Deepghs

БесплатноHosted

MCP server for the DeepGHS anime AI ecosystem. Dataset discovery, tag search, character dataset finder, and training pipeline code generation.

автор: citronlegacy

GitHub

Описание

MCP server for the DeepGHS anime AI ecosystem. Dataset discovery, tag search, character dataset finder, and training pipeline code generation.

README

A Python MCP server for the DeepGHS anime AI ecosystem. Connect it to any MCP-compatible client (Claude Desktop, Cursor, etc.) to browse datasets, discover pre-built character training sets, look up tags across 18 platforms, and generate complete data pipeline scripts — all directly from your AI assistant.

✨ Features

📦 Dataset & Model Discovery

Browse all DeepGHS datasets — Danbooru2024 (8M+ images), Sankaku, Gelbooru, Zerochan, BangumiBase, and more
Full file trees — see exactly which tar/parquet files a dataset contains and how large they are before downloading anything
Model catalog — find the right model for your task: CCIP, WD Tagger Enhanced, aesthetic scorer, face/head detector, anime classifier, and more
Live demos — browse DeepGHS Spaces (interactive web apps) for testing models without code

🏷️ Cross-Platform Tag Intelligence

site_tags lookup — 2.5M+ tags unified across 18 platforms in one query
Tag format translation — Danbooru uses hatsune_miku, Zerochan uses Hatsune Miku, Pixiv uses 初音ミク — this tool maps them all together
Ready-to-use Parquet queries — get copy-paste code to filter the tag database programmatically

🎯 Character Dataset Finder

Pre-built LoRA datasets — search both deepghs and CyberHarem namespaces for existing character image collections
Ready-to-run download commands — get the exact cheesechaser command to pull what you need
Smart fallback — if no pre-built dataset exists, the tool hands off directly to the waifuc script generator

🤖 Training Pipeline Code Generation

waifuc scripts — generate complete, annotated Python data collection pipelines for any character from any source (Danbooru, Pixiv, Gelbooru, Zerochan, Sankaku, or Auto)
cheesechaser scripts — generate targeted download scripts to pull specific post IDs from indexed multi-TB datasets without downloading the whole archive
Format-aware — crop sizes, bucket ranges, and export formats automatically adjusted for SD 1.5, SDXL, or Flux

📦 Installation

Prerequisites

Python 3.10+
git

Quick Start

Clone the repository:

git clone https://github.com/citronlegacy/deepghs-mcp.git
cd deepghs-mcp

Run the installer:

chmod +x install.sh && ./install.sh
# or without chmod:
bash install.sh

Or install manually:

pip install -r requirements.txt

🔑 Authentication

HF_TOKEN is optional for public datasets but strongly recommended — it raises HuggingFace's API rate limit and is required for any gated or private repositories.

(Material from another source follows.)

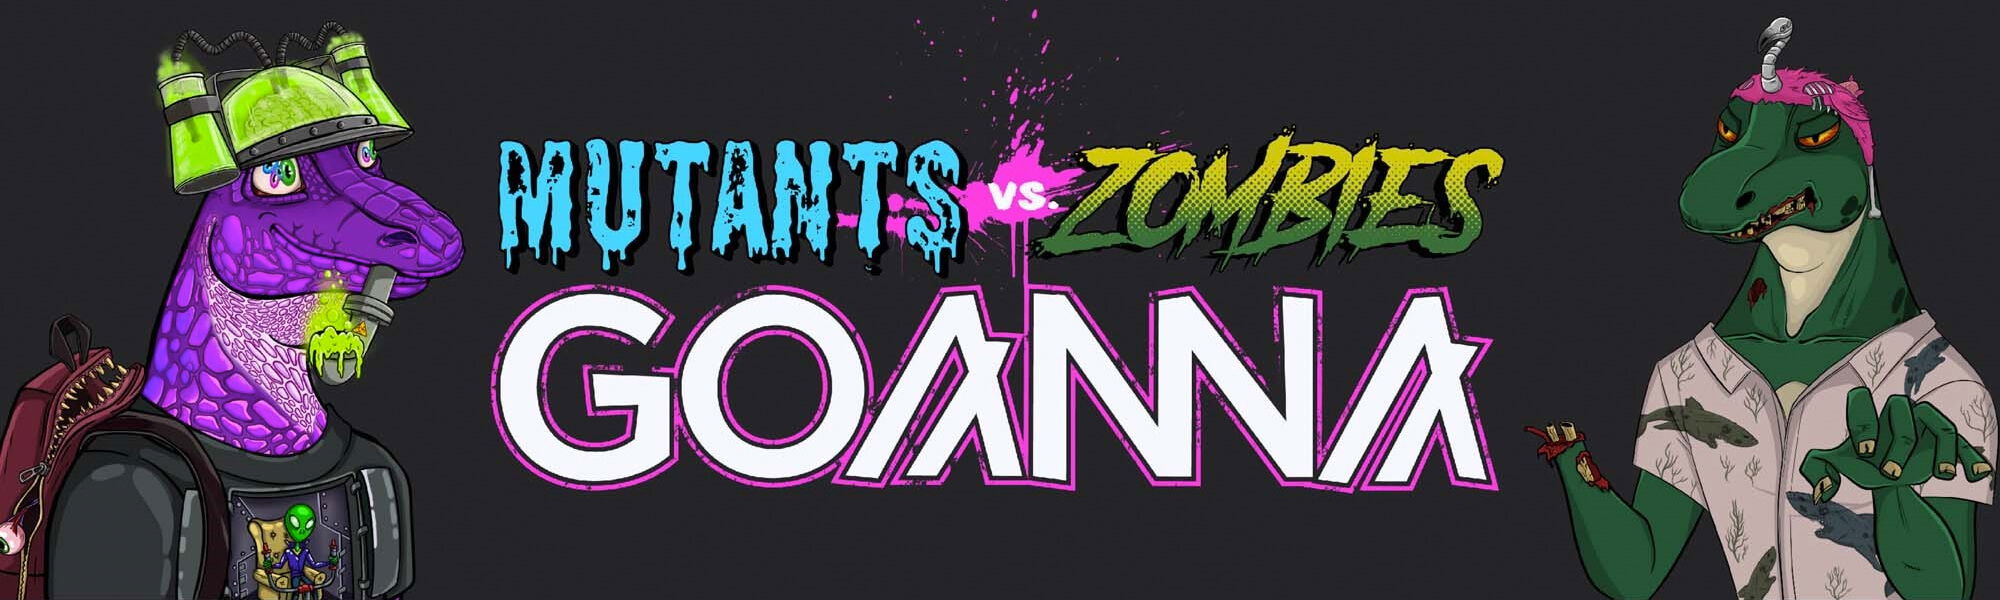 Mutants Vs Zombies banner

Get your token at huggingface.co/settings/tokens (read access is sufficient).

Without it, the server still works for all public DeepGHS datasets.

▶️ Running the Server

python deepghs_mcp.py
# or via the venv created by install.sh:
.venv/bin/python deepghs_mcp.py

⚙️ Configuration

Claude Desktop

Add the following to your claude_desktop_config.json:

{
  "mcpServers": {
    "deepghs": {
      "command": "/absolute/path/to/.venv/bin/python",
      "args": ["/absolute/path/to/deepghs_mcp.py"],
      "env": {
        "HF_TOKEN": "hf_your_token_here"
      }
    }
  }
}

Other MCP Clients

Command: /absolute/path/to/.venv/bin/python
Args: /absolute/path/to/deepghs_mcp.py
Transport: stdio

💡 Usage Examples

Browse available datasets

"What anime datasets does DeepGHS have on HuggingFace?"

The assistant calls deepghs_list_datasets and returns all datasets sorted by download count — Danbooru2024, Sankaku, Gelbooru WebP, BangumiBase, site_tags, and more — with links and update dates.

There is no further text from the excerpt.